How should an organization decide whether or not to accept a risk and launch if the risks cannot be quantified?
When risks cannot be quantified, we can use qualitative risk analysis to help us make decisions on whether risks can be accepted or not. Qualitative Risk Analysis is a measure of risk or asset value based on a ranking or separation into descriptive categories such as low, medium, high; not important, important, very important etc. or on a scale from 1 to 5. Qualitative Risk Analysis includes methods for prioritizing the identified risks for further action, such as Quantitative Risk Analysis or Risk Response Planning. Organizations can improve the project’s performance effectively by focusing on high-priority risks. Qualitative Risk Analysis assesses the priority of identified risks using their probability of occurring, the corresponding impact on project objectives if the risks do occur, as well as other factors such as the time frame and risk tolerance of the project constraints of cost, schedule, scope, and quality.

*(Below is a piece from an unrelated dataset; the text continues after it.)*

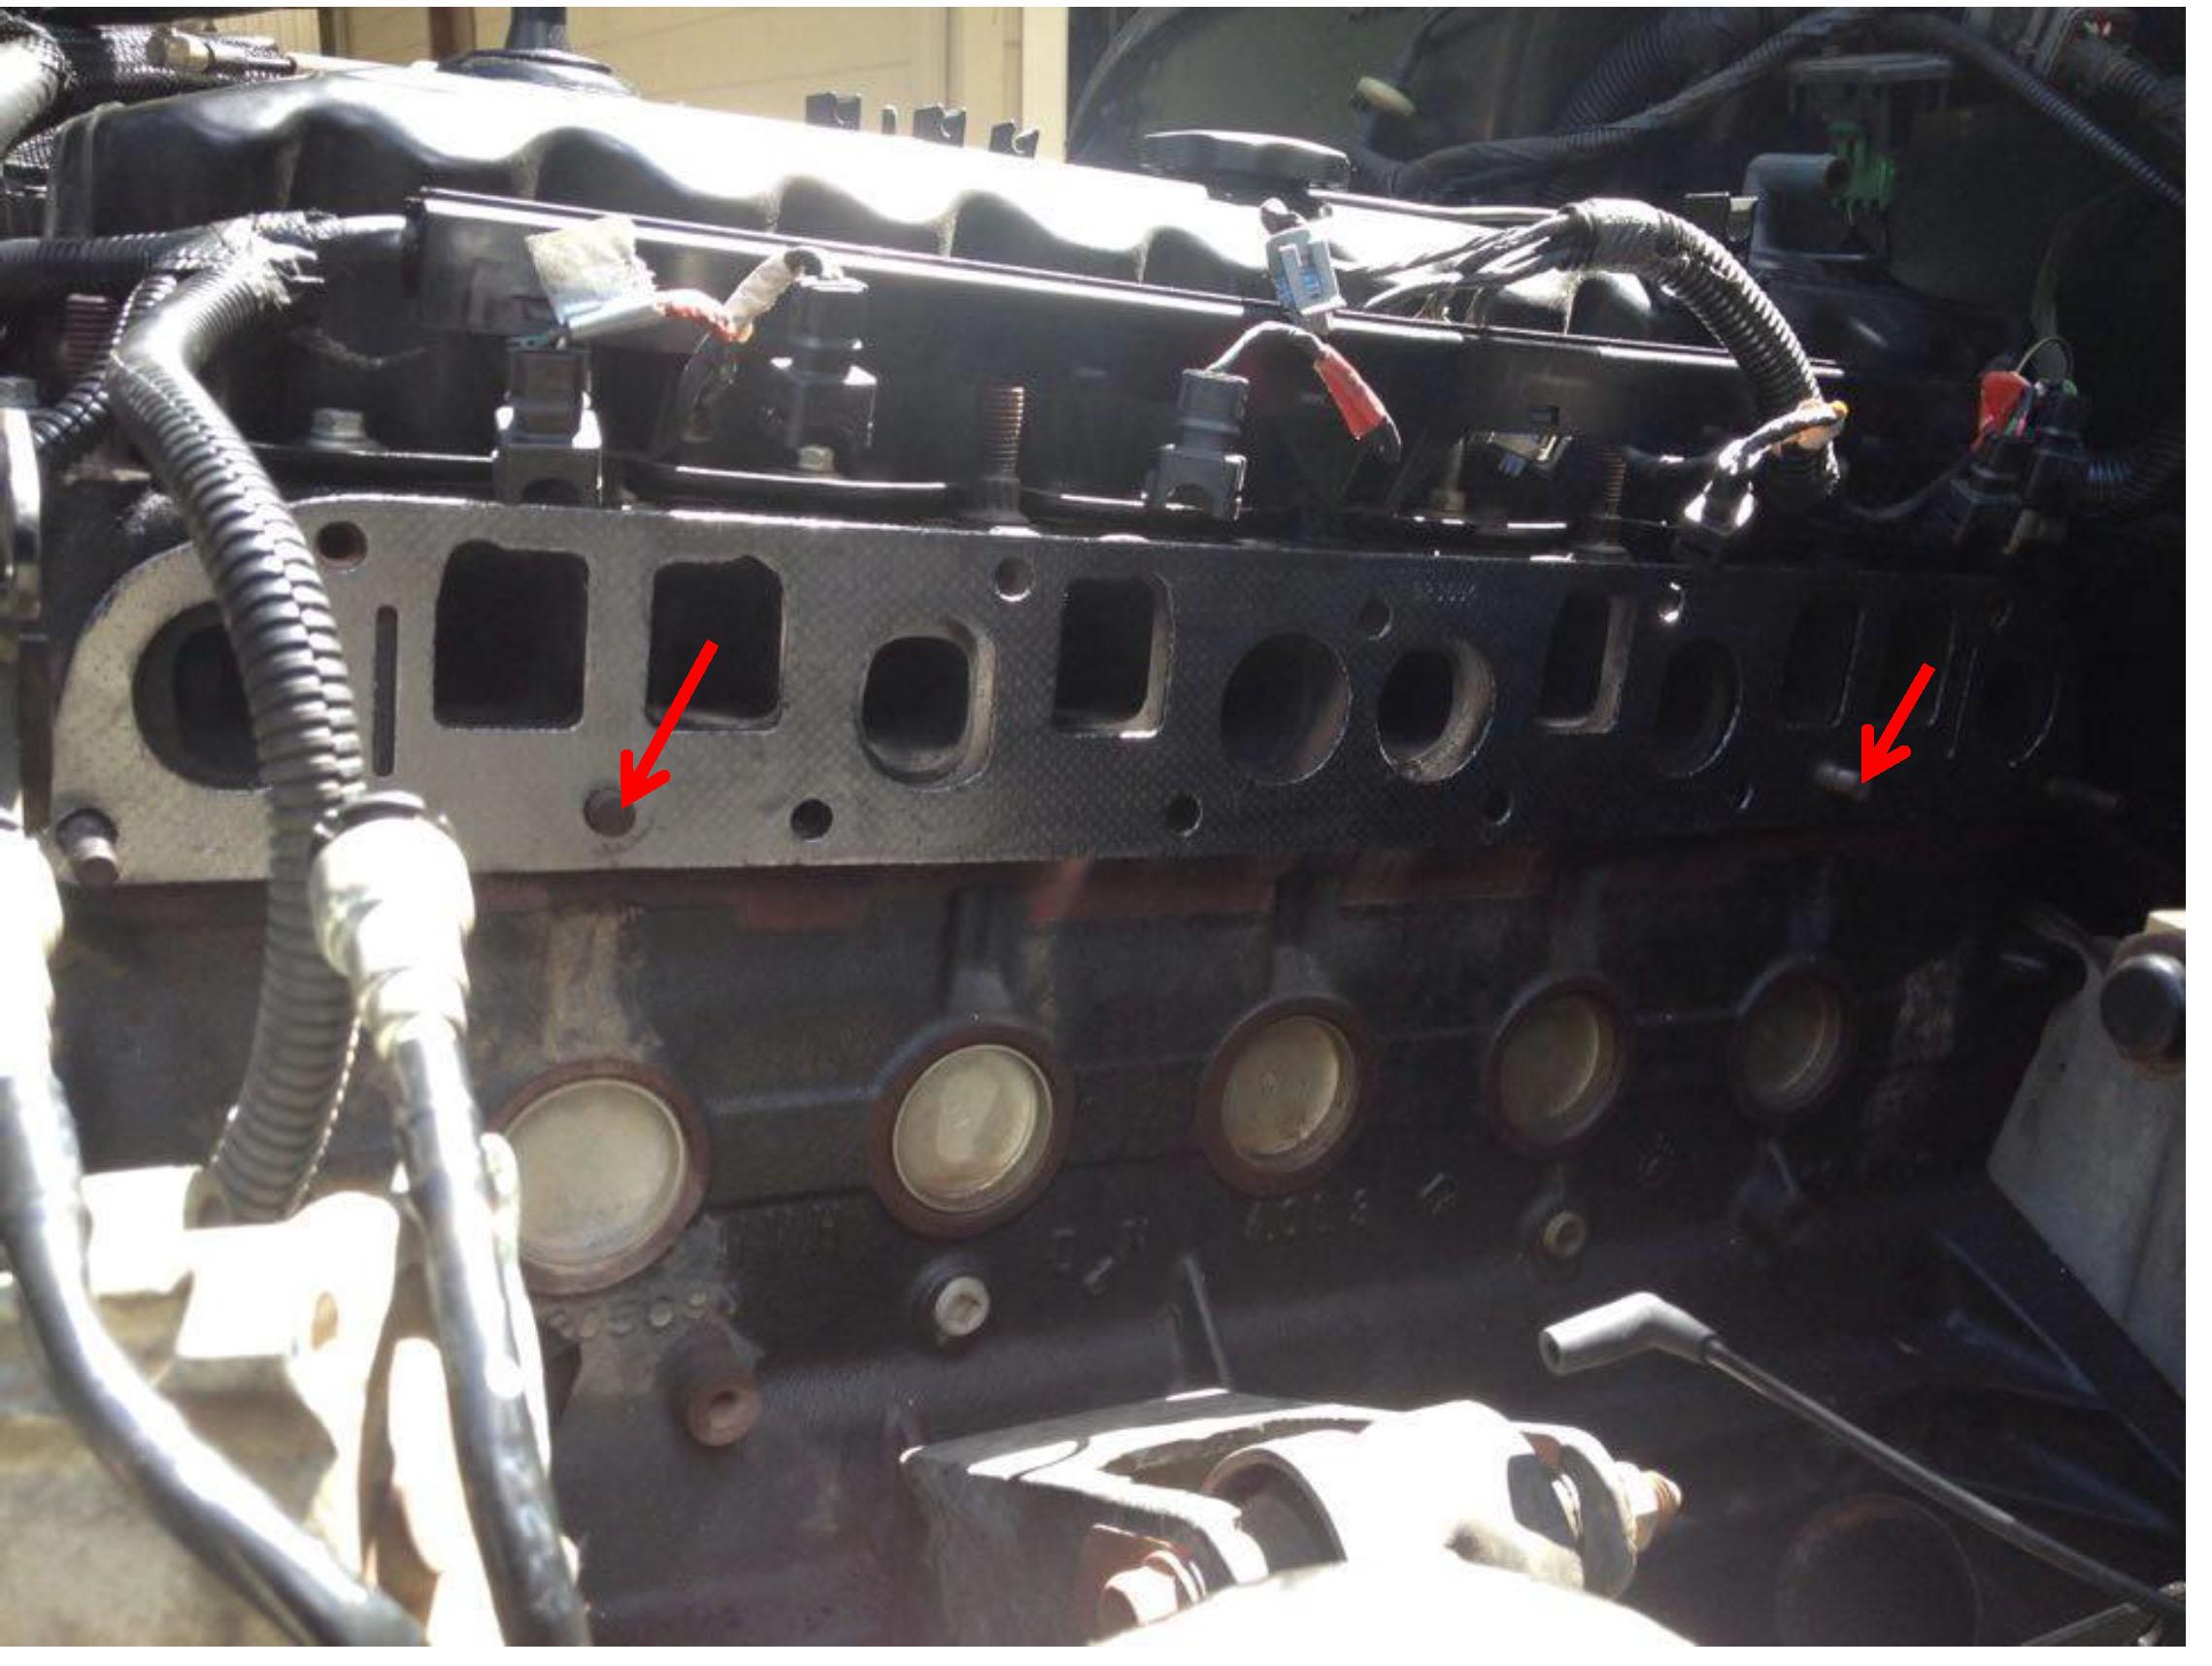 WRG-7265] Aftermarket Jeep 4 0 Cylinder Head on

Once we have made an assessment of risks, there are four things that can be done. These strategies are:
1) Avoid the risk: Something should be done to remove it.
2) Transfer the risk: Make someone else responsible for it. For example any vendor can be made responsible for a particular kind of risk.
3) Mitigate the risk: Take actions to lessen the impact or chance of risk occurring.
4) Accept the risk: The risk might be some small the effort to do anything is not worthwhile.
A risk response plan should include the strategy and action items to address the strategy. The actions should include what needs to be done, who is doing it, and when it should be completed. The final step is to continually monitor risks to identify any change in the status, or if they turn into an issue. It is best to hold regular risk reviews to identify risk probability and impact, remove risks that have passed, and identify new risks.